- **Your task**
Starting at the line that contains "Ho Chi Minh City at night Stock Photo", transcribe every remaining line of the data below exactly, and omit all pictures.

[[ Raw data open ]]

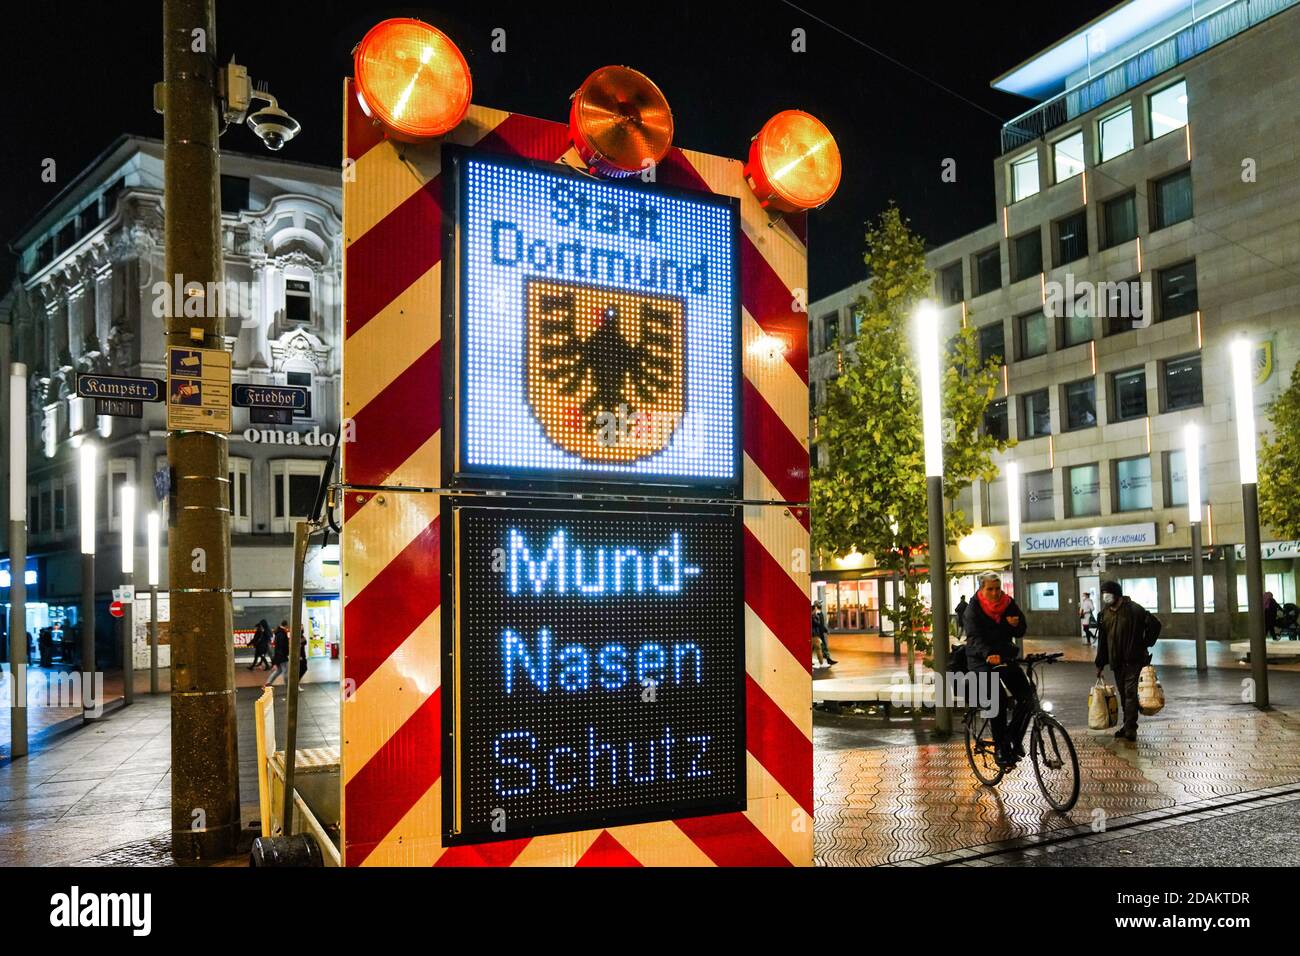 Dortmund, 13.11.2020: Blinkende Schilder ermahnen in der Dortmunder Innenstadt an die wegen der Corona-Pandemie von der Stadt Dortmund angeordnete Maskenpflicht. Stock Photo
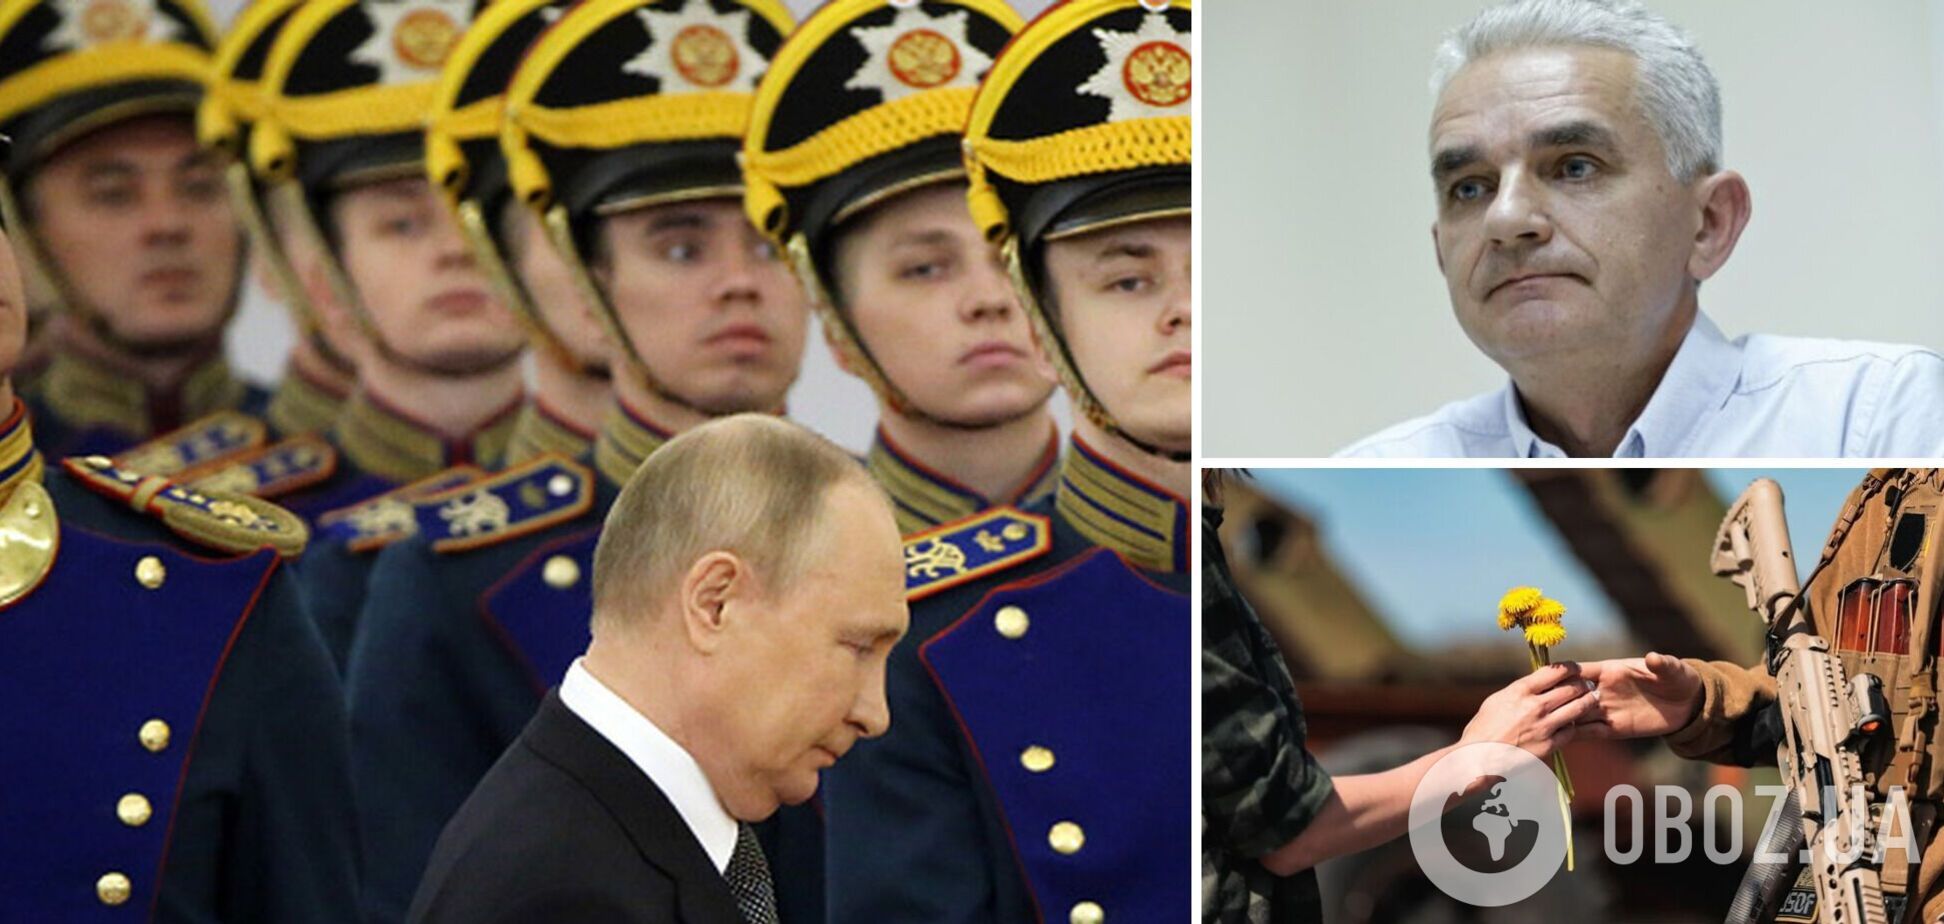 Мельник: Путин готовит большое наступление, известны сроки и направления. Интервью
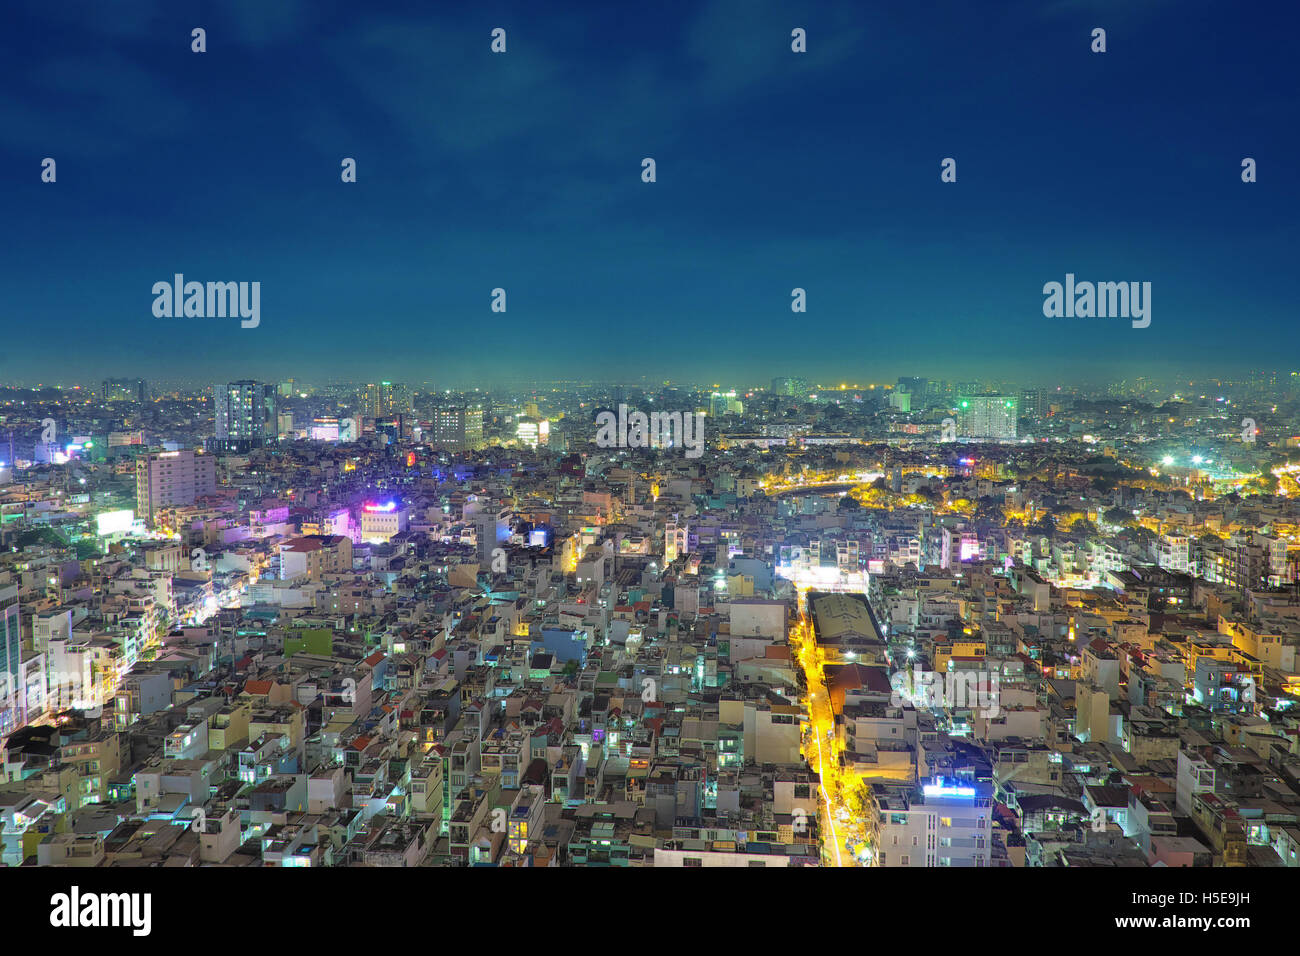 Ho Chi Minh City at night Stock Photo
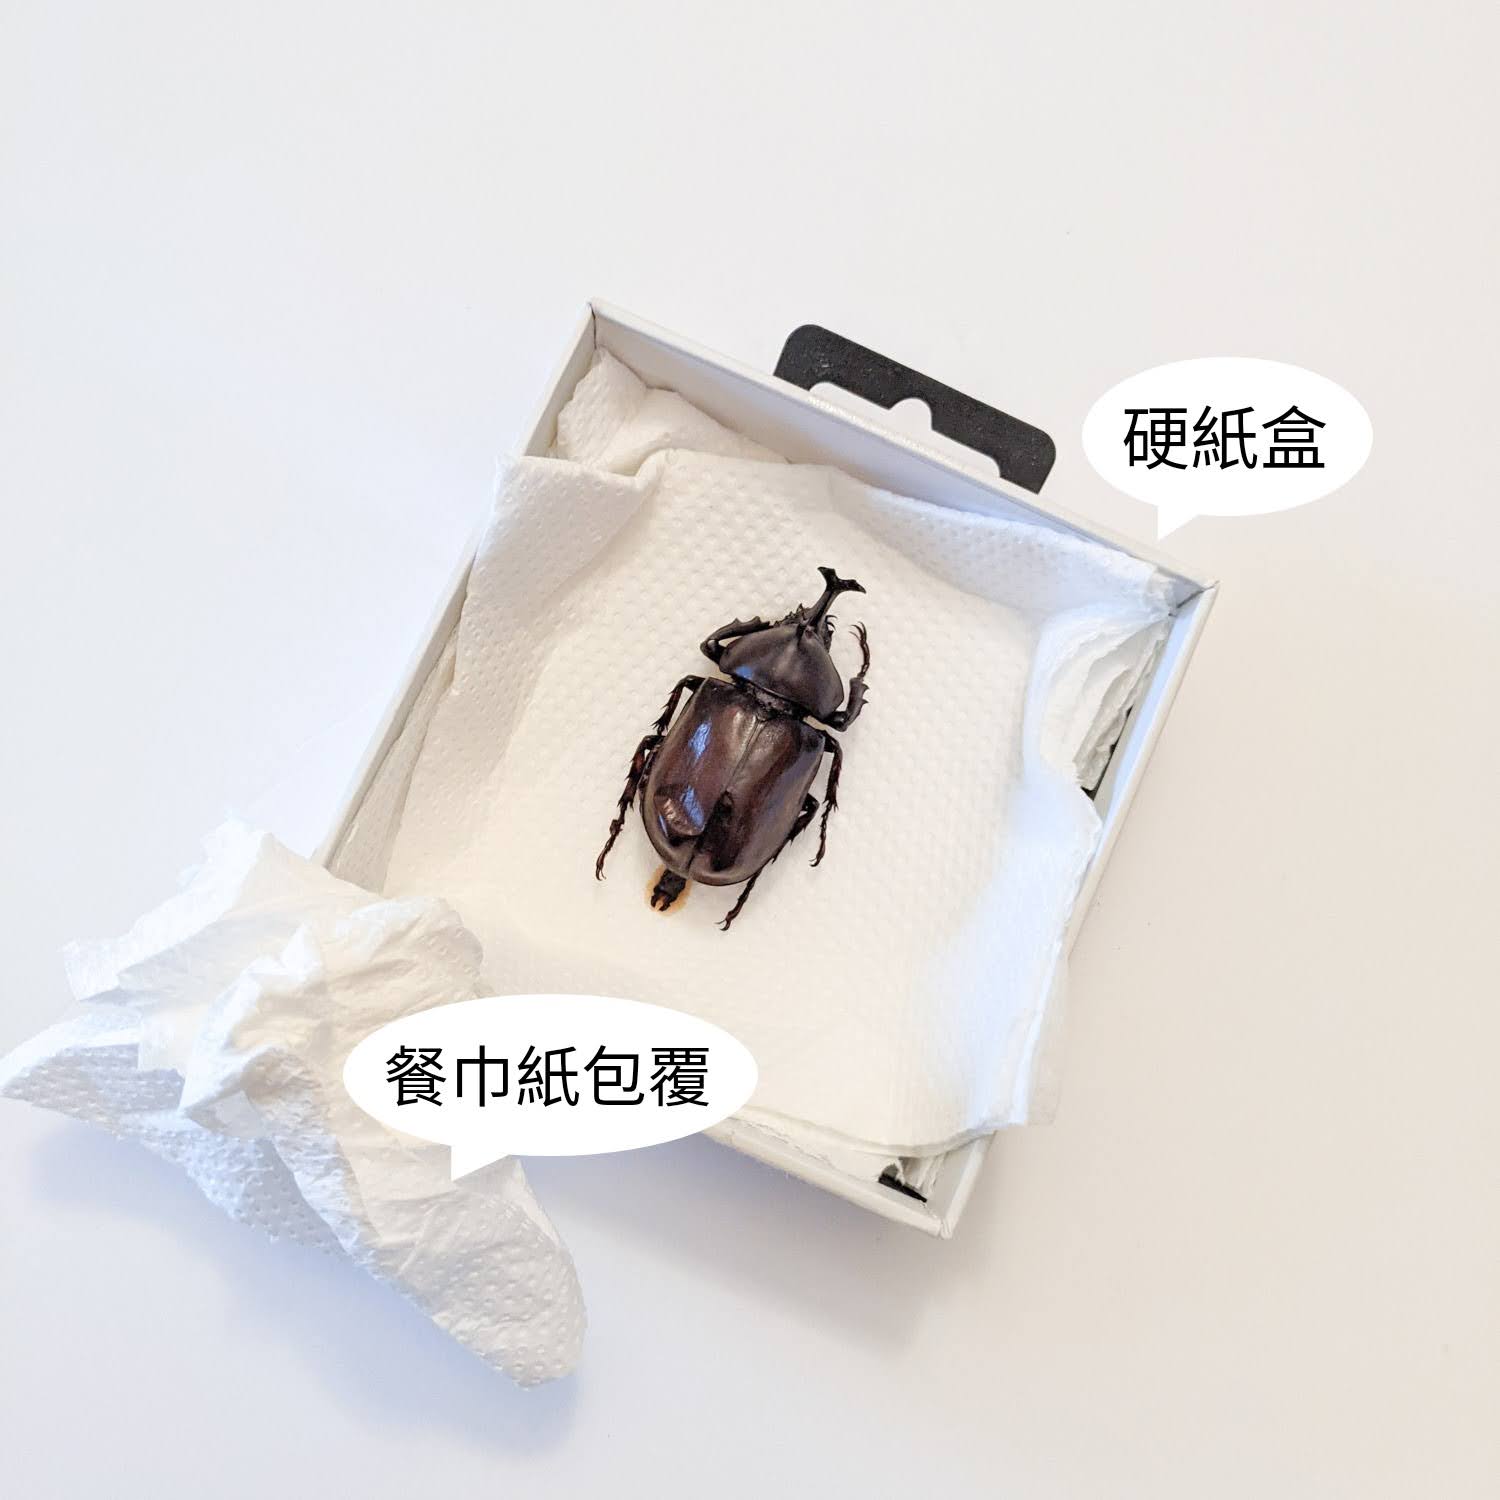 興趣誌-昆蟲標本製作-包裝方式

[[ Raw data closed ]]

- **Your solution**
 Ho Chi Minh City at night Stock Photo
 興趣誌-昆蟲標本製作-包裝方式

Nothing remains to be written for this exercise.